▸ Task prompt:
Reproduce all of the data below without alteration; exclude every picture.

▸ Data segment:
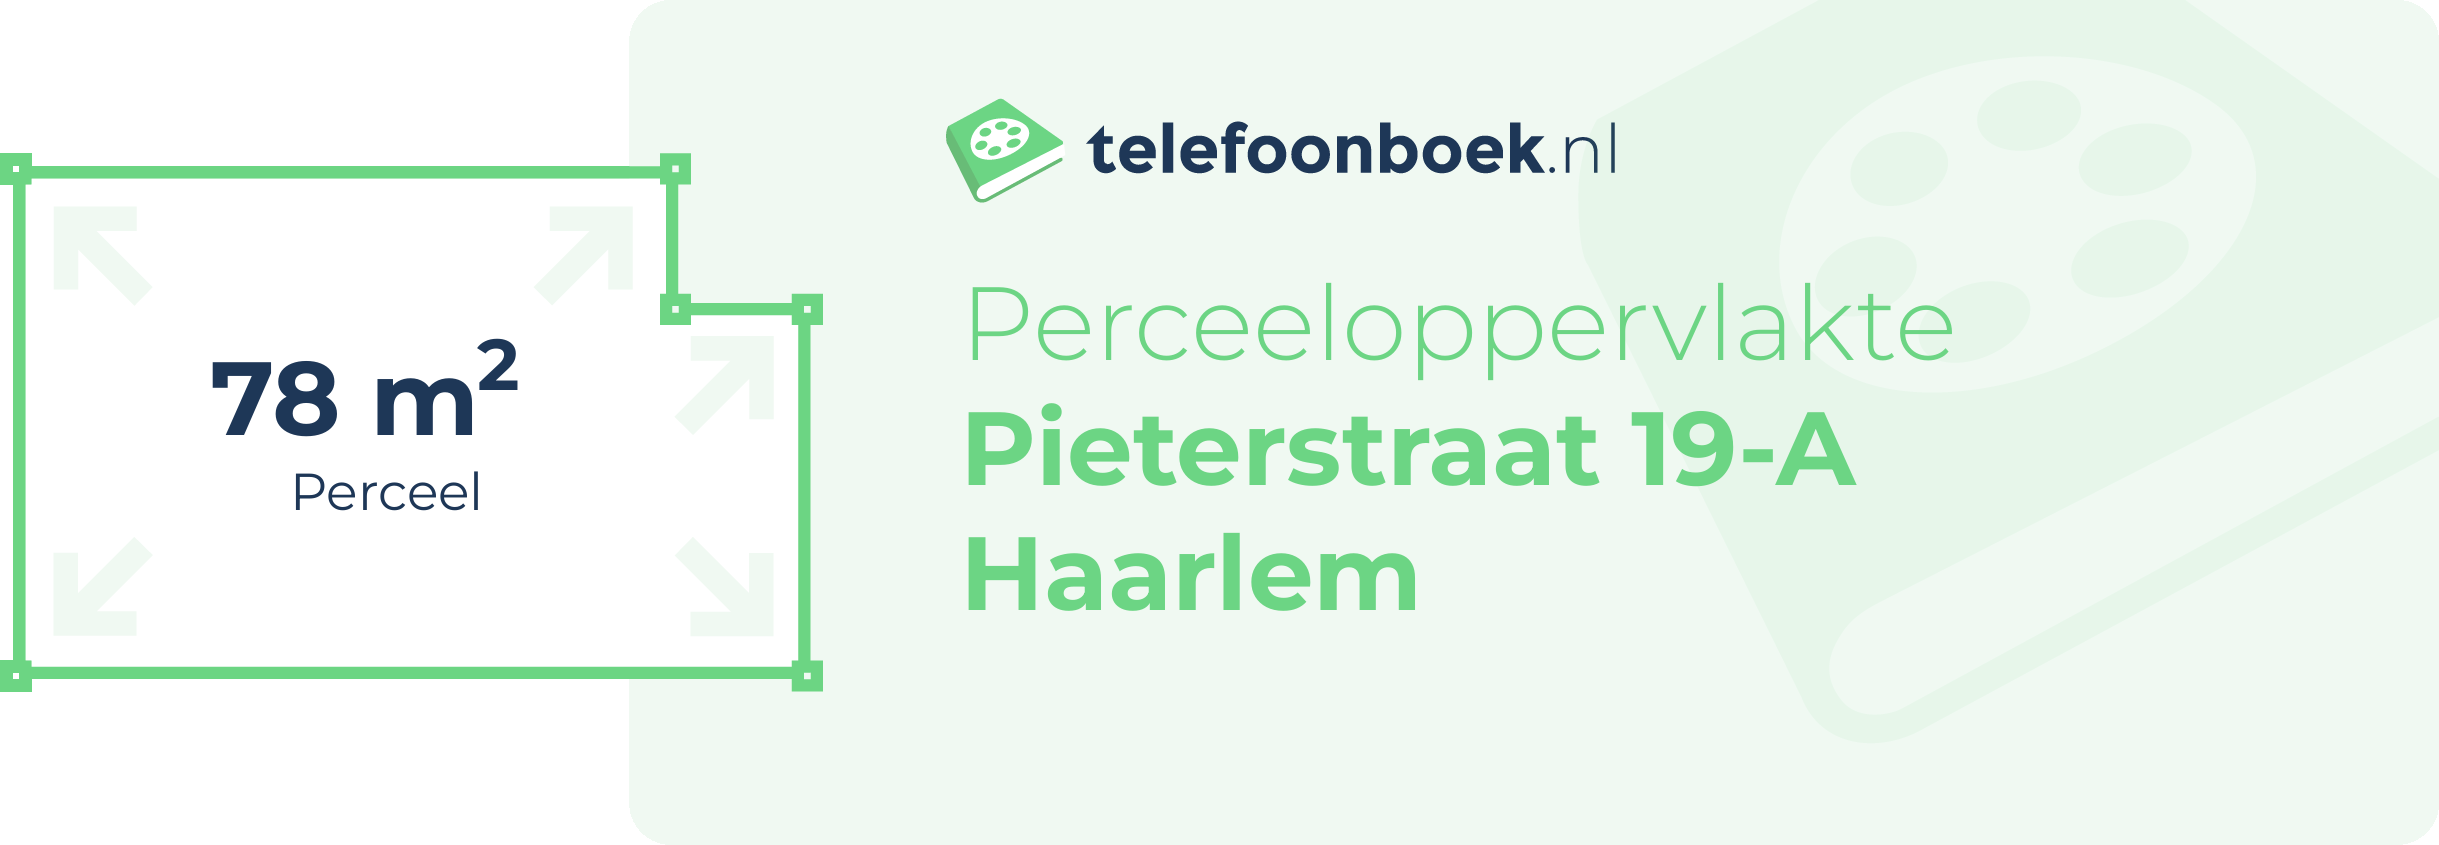 Perceeloppervlakte Pieterstraat 19-A Haarlem
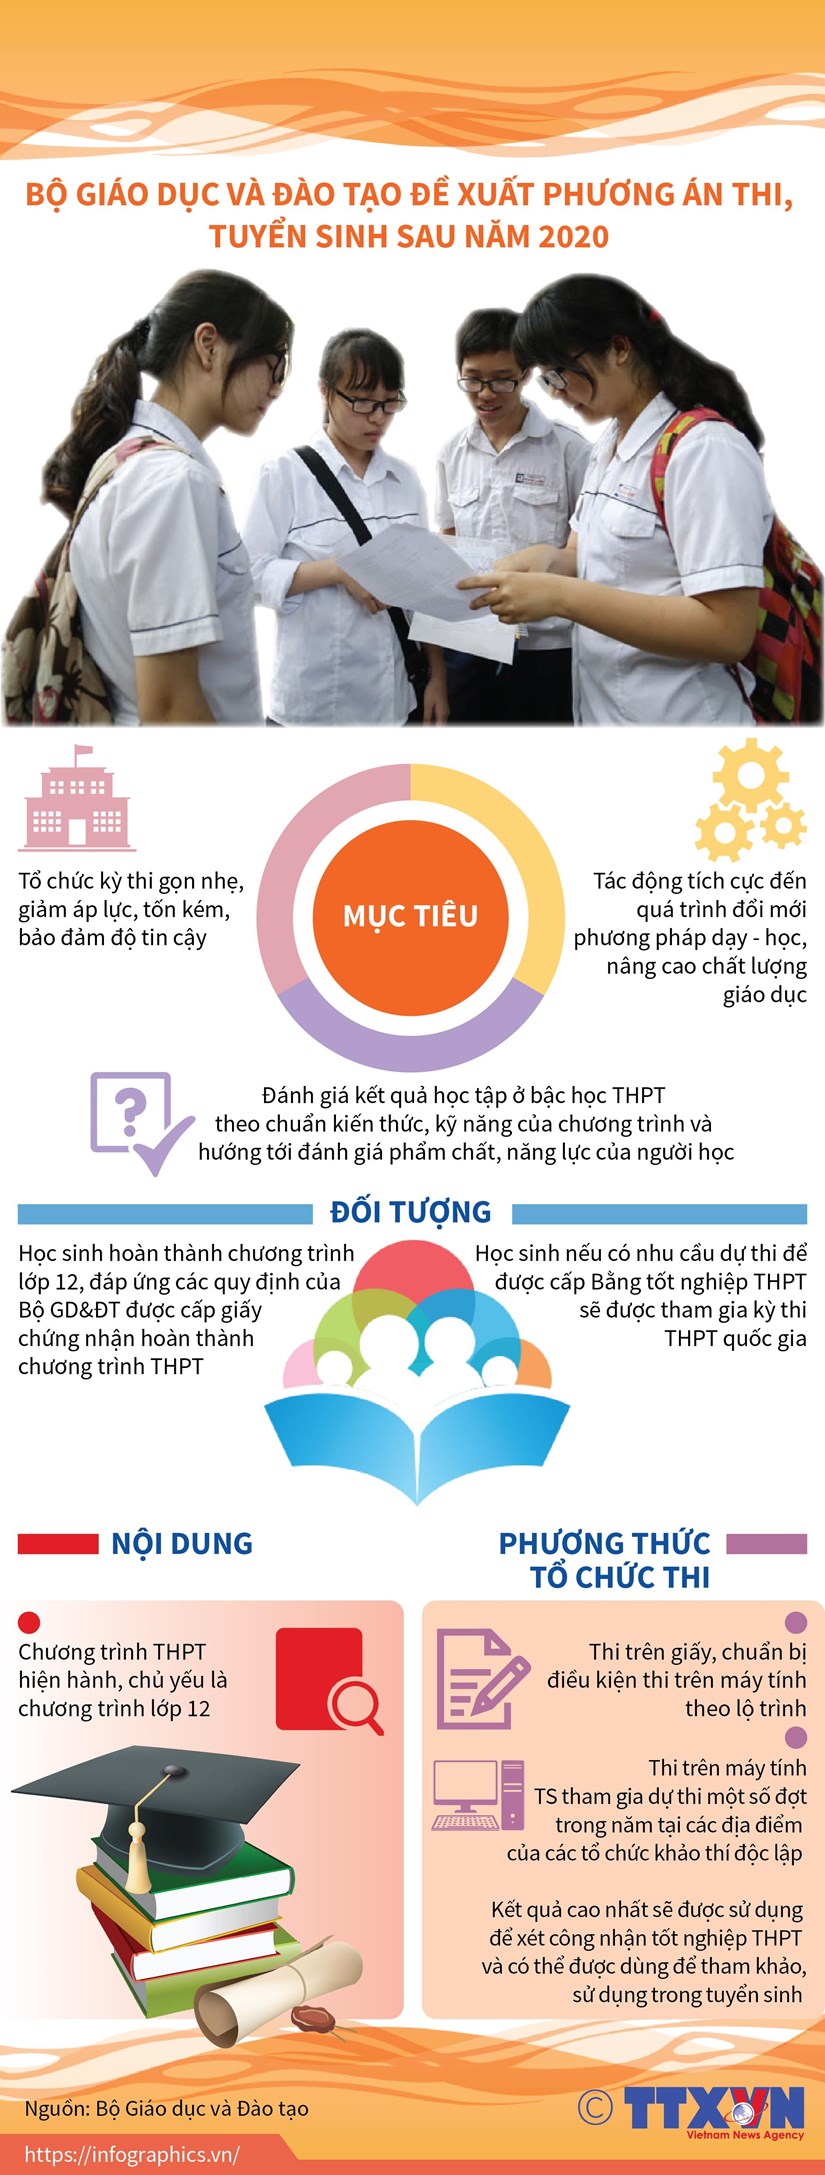 infographics de xuat phuong an thi tuyen sinh sau nam 2020
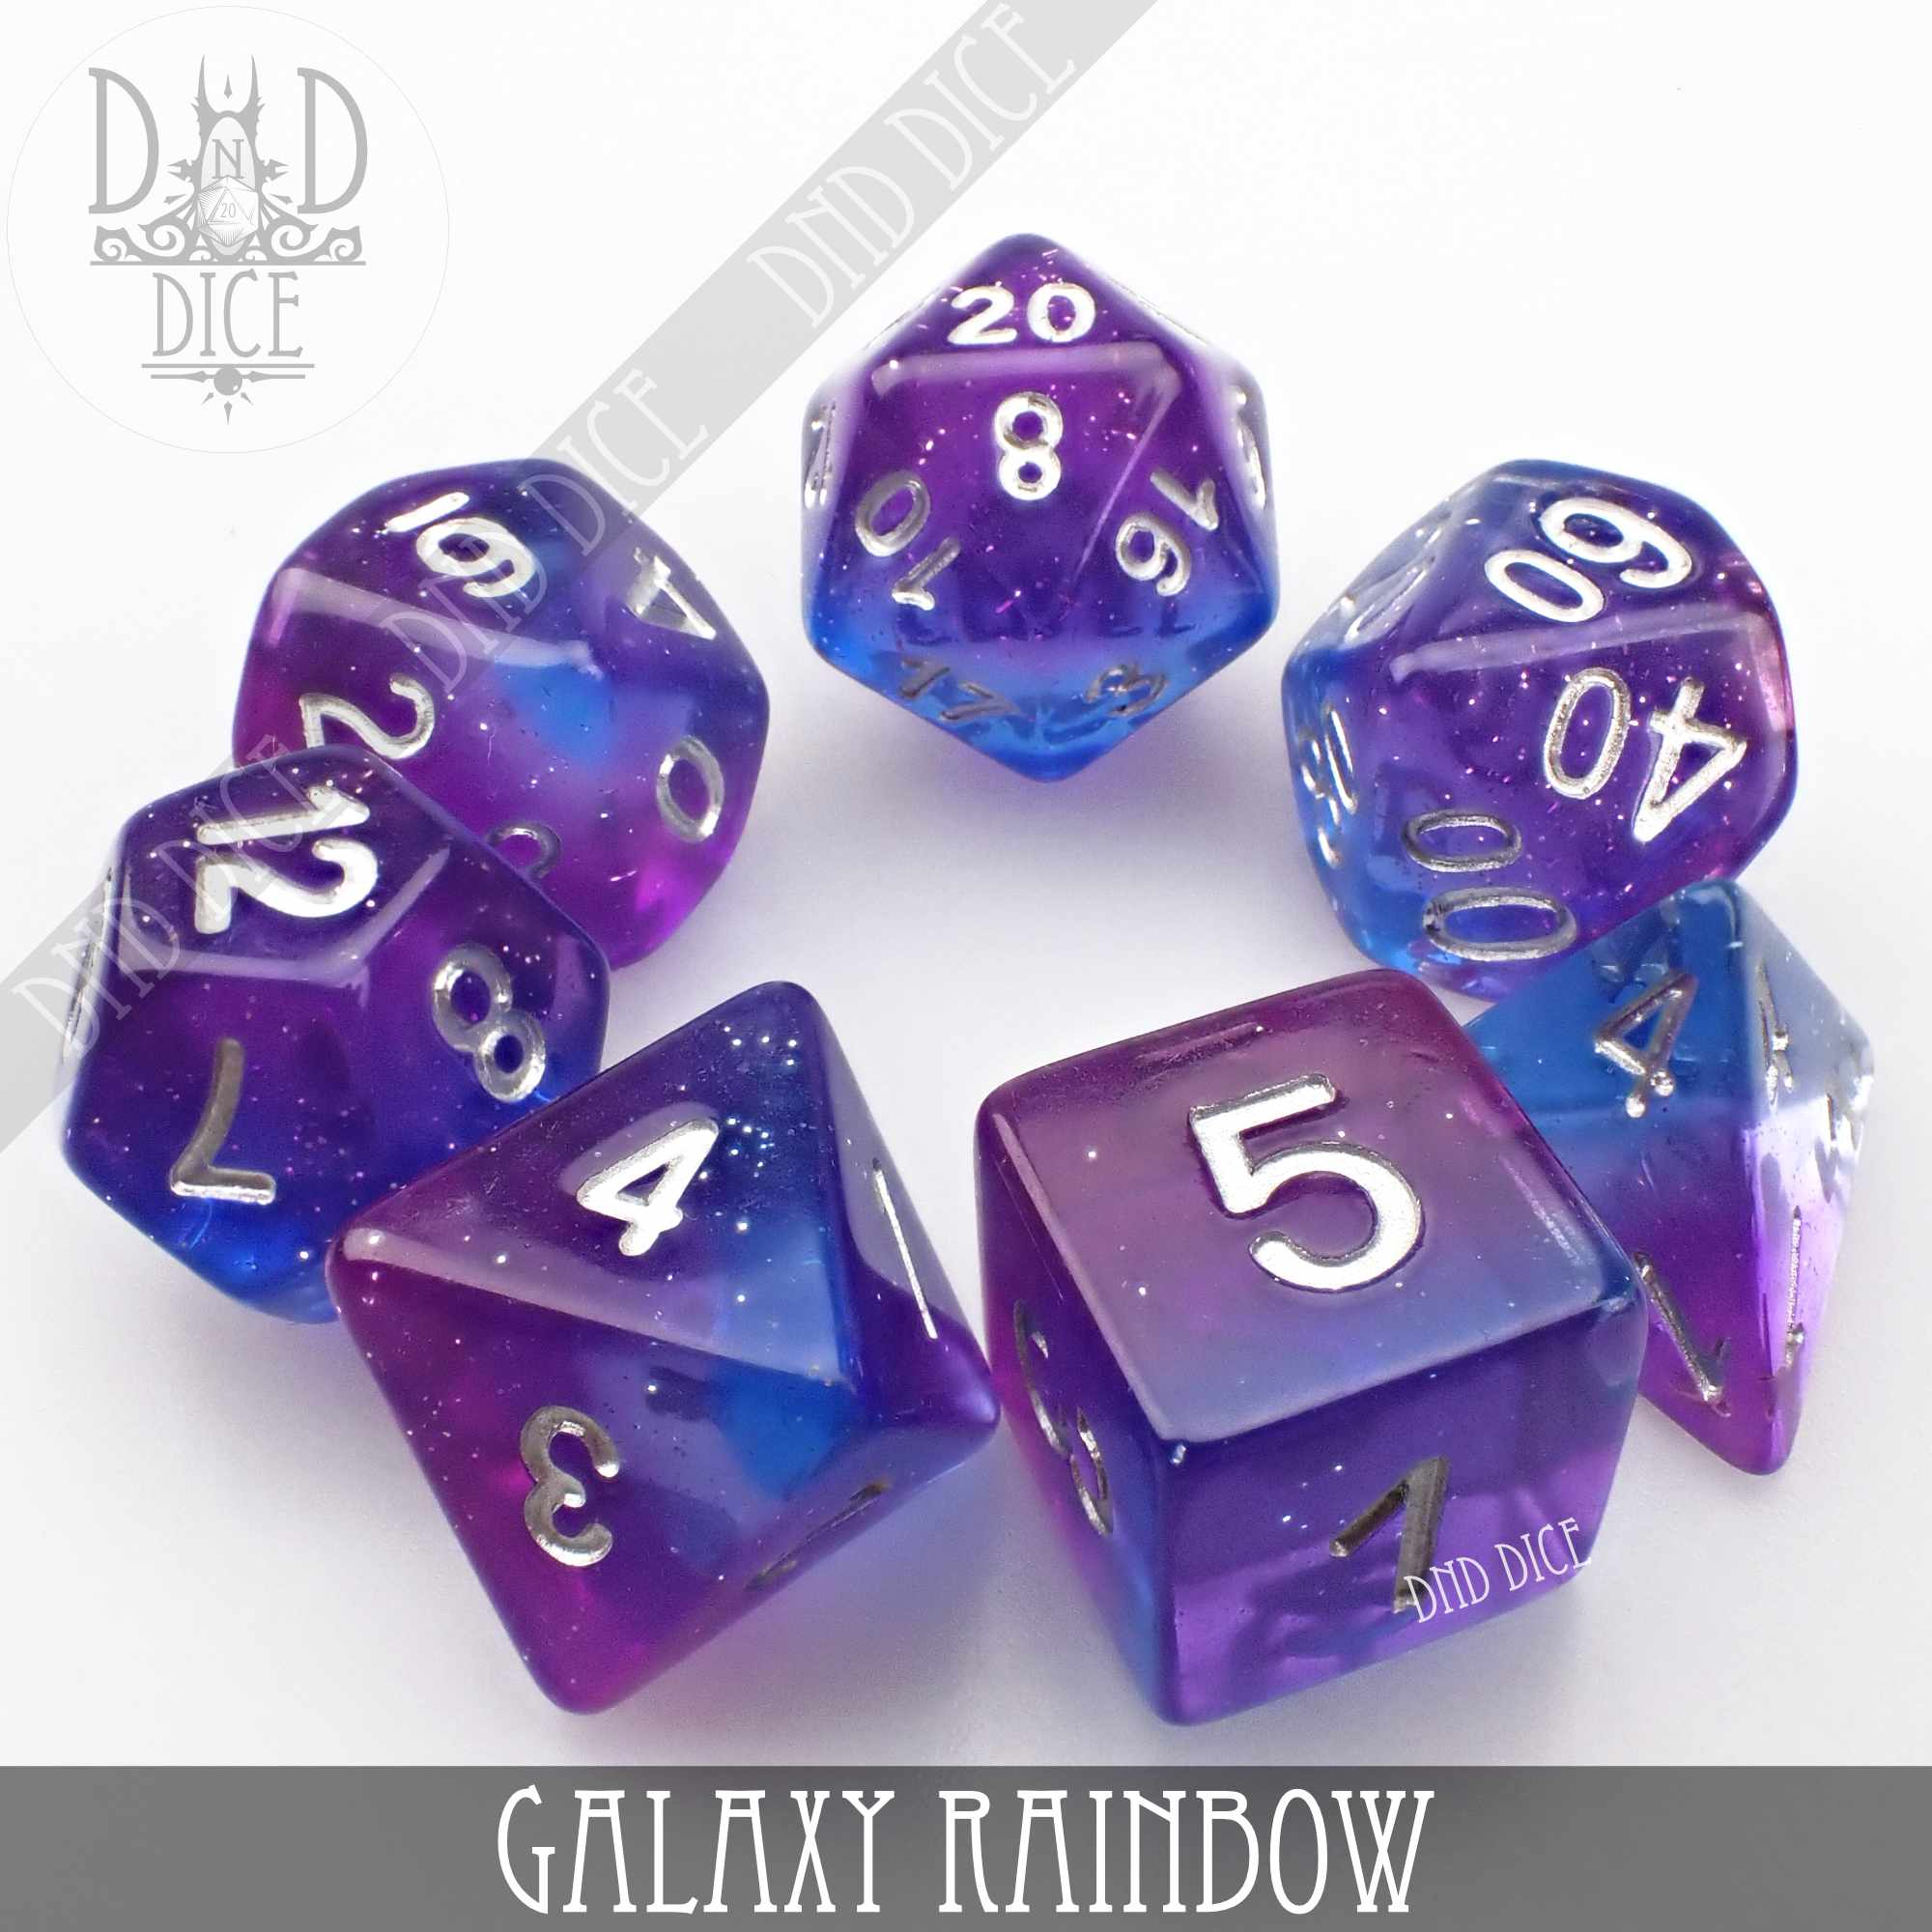 Galaxy Rainbow Dice Set

▸ Completed task:
 Perceeloppervlakte Pieterstraat 19-A Haarlem
 infographics de xuat phuong an thi tuyen sinh sau nam 2020
 Galaxy Rainbow Dice Set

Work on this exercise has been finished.